TASK STATEMENT: Copy out the full listing exactly, omitting any picture it contains.

PROVIDED MATERIAL:
*** Begin section ***
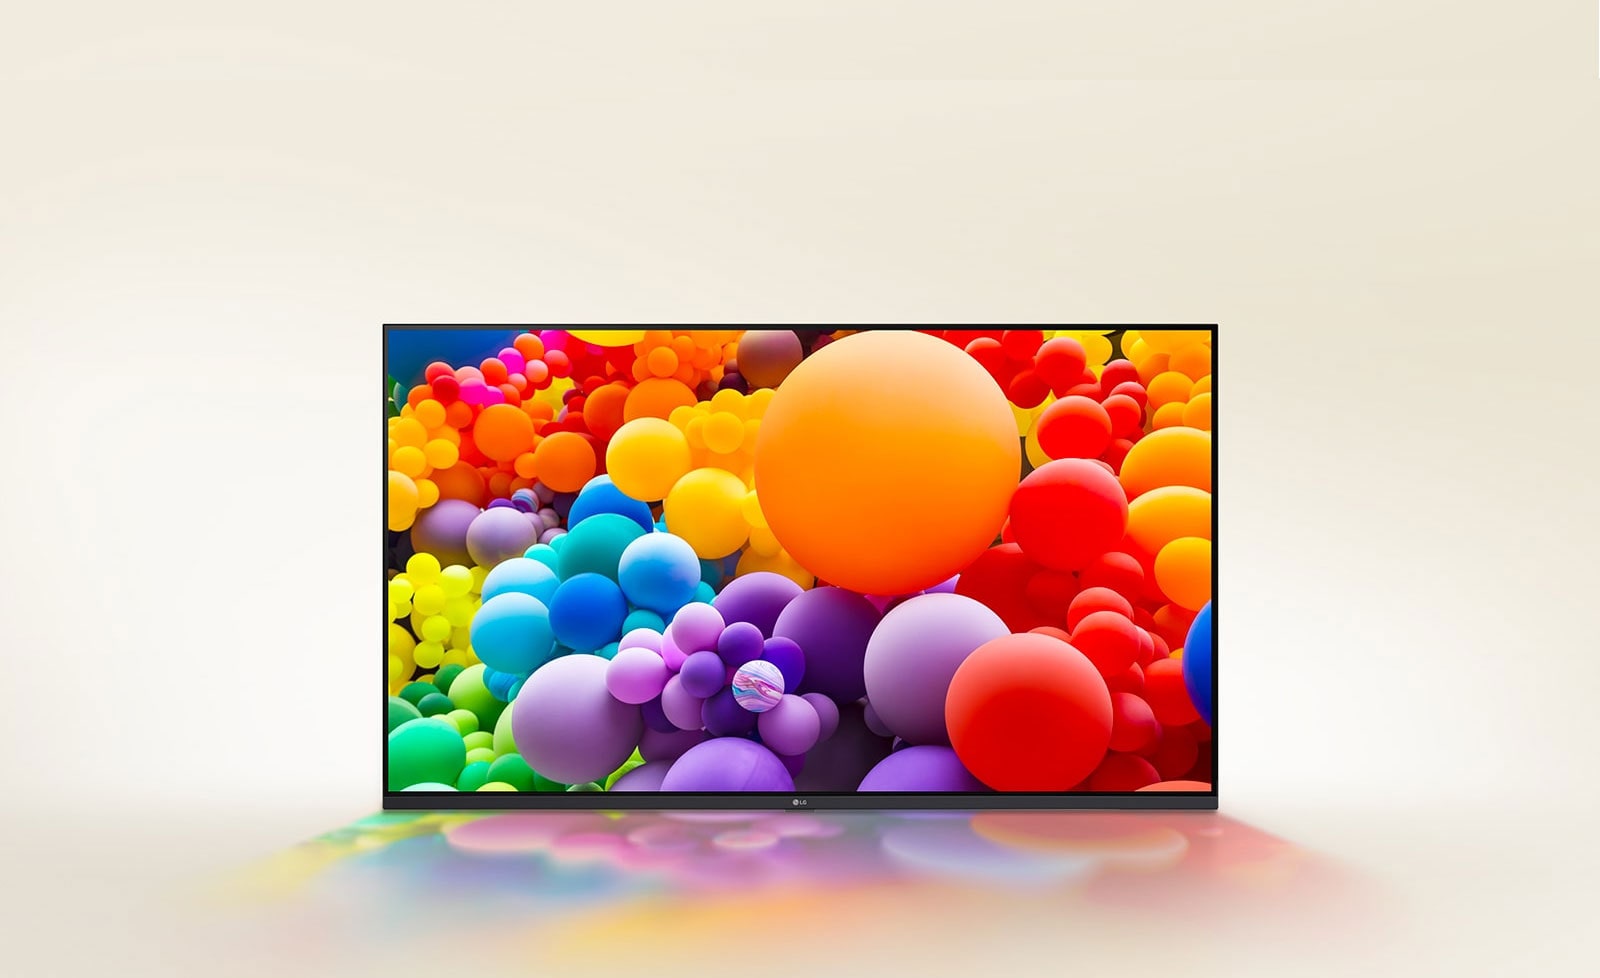 Auf dem LG UHD-Fernseher werden viele Ballons mit unterschiedlichen Farben angezeigt.
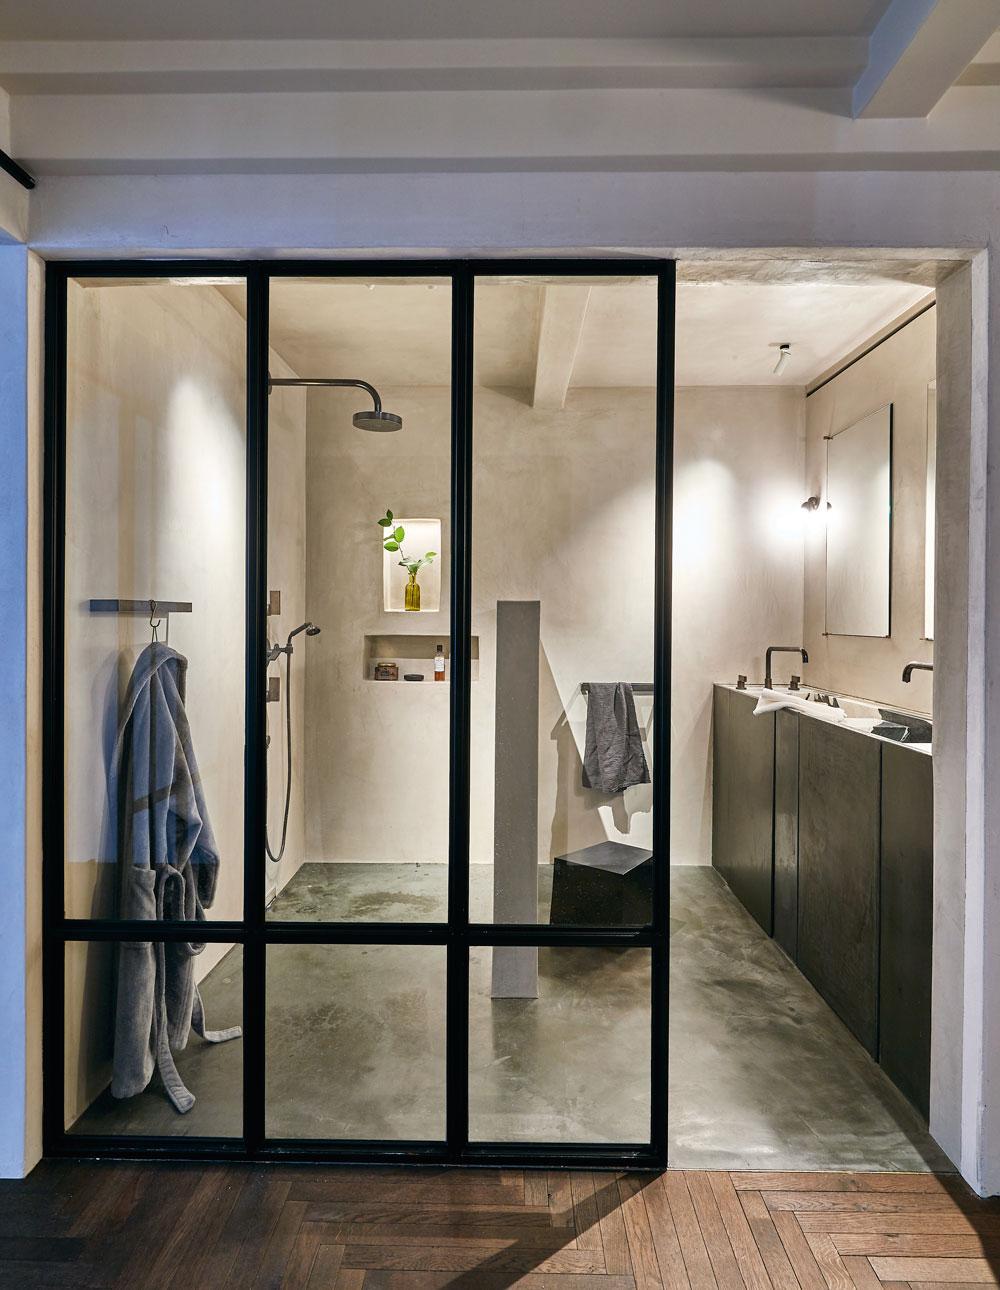 L'intérieur du bâtiment joue au maximum sur les matières transparentes : même la salle de bains a été pourvue d'une paroi en verre.
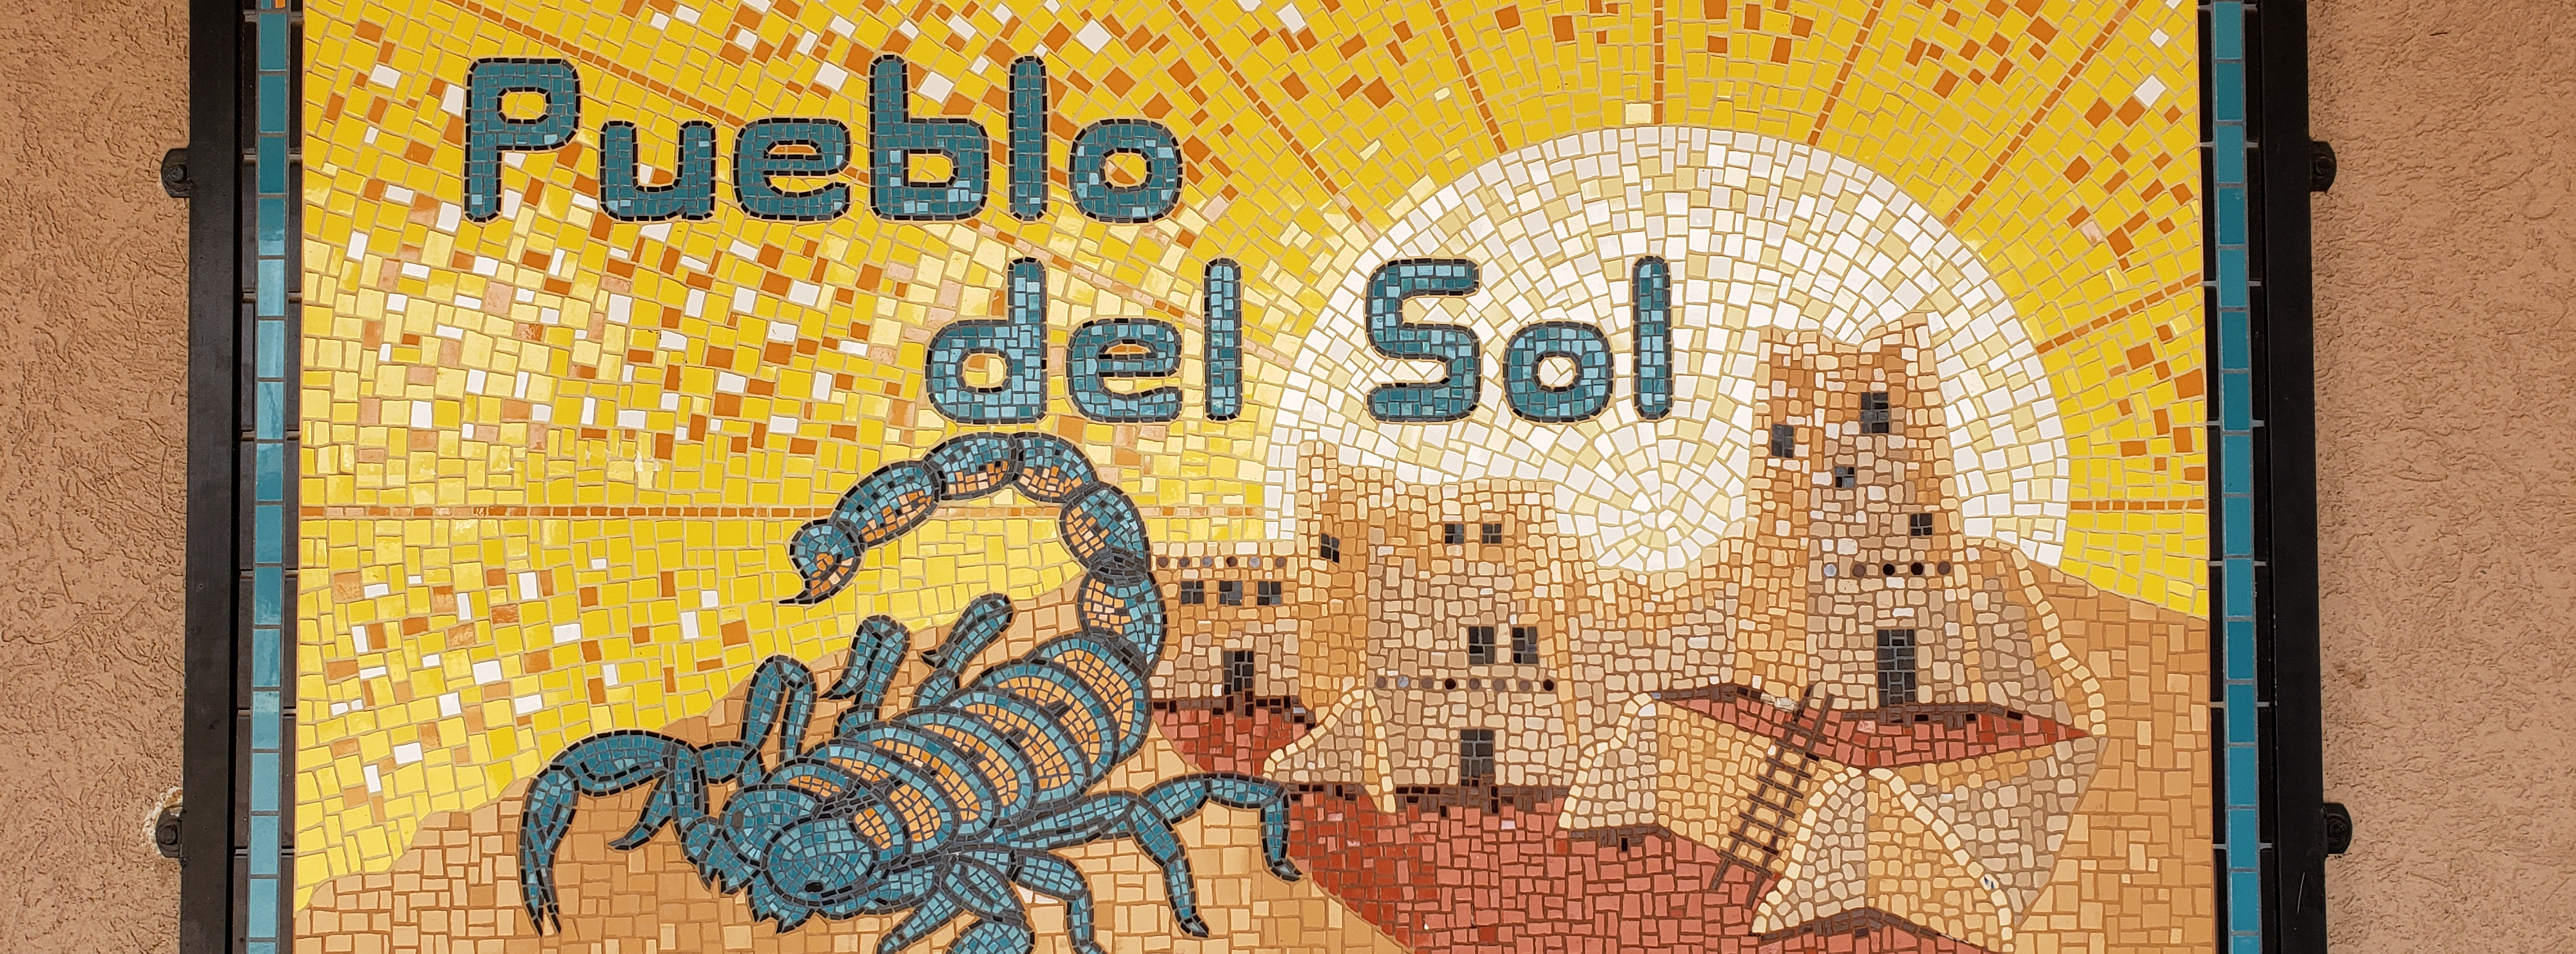 Pueblo del Sol mosaic sign
*** End section ***
WRITTEN SOLUTION:
 Auf dem LG UHD-Fernseher werden viele Ballons mit unterschiedlichen Farben angezeigt.
 L'intérieur du bâtiment joue au maximum sur les matières transparentes : même la salle de bains a été pourvue d'une paroi en verre.
 Pueblo del Sol mosaic sign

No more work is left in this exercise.